The oldest Late Pleistocene tracks (~117,000 yrs), from southern Africa, may represent modern humans. However, the majority of Late Pleistocene sites are European, associated with caves in Romania, Greece, France and elsewhere, where hominid track preservation is often of high quality. Dates range from ~10,000 to ~62,000 BP Cavesite mammal tracks are almost exclusively those of carnivores, thus representing a distinctive underground ecology.
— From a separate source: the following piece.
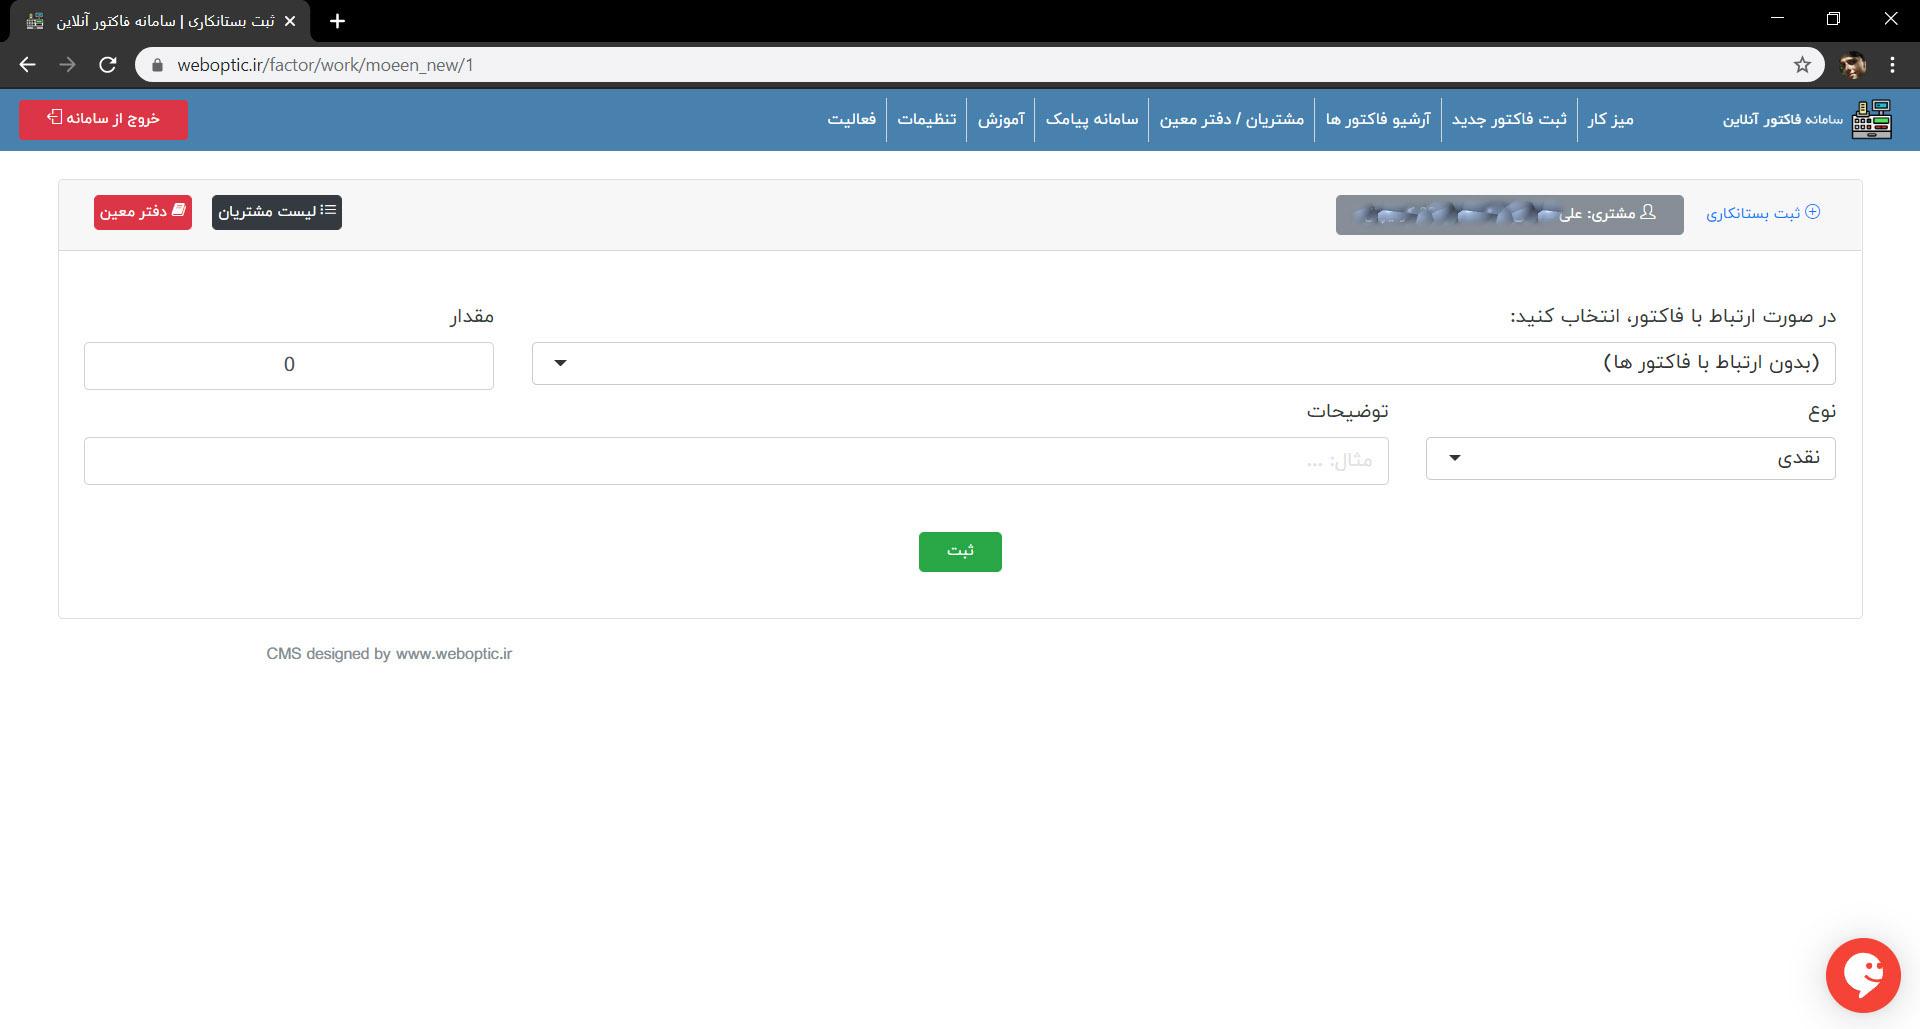 ثبت بستانکاری جدید برای دفتر معین مشتری رایگان در سامانه فاکتور آنلاین

Late Pleistocene open air sites are reported from widely scattered locations in Africa, Turkey, Tibet, Korea, Australia and even in the New World (Chile, Argentina and Mexico).

Early to Middle Holocene sites (> ~4,000 yrs BP) mainly occupy riparian, lacustrine, estuarine and littoral settings where the ichnofaunas are dominated by ungulates and shorebirds. Among these sites from England, Nicaragua, Argentina and Mexico and the United States, a few have been described in some detail. Younger Holocene sites are frequently associated with specified cultural periods (e.g., Neolithic, Bronze Age) or specific indigenous cultures, where supplemental archeological evidence may be directly associated with the footprint evidence.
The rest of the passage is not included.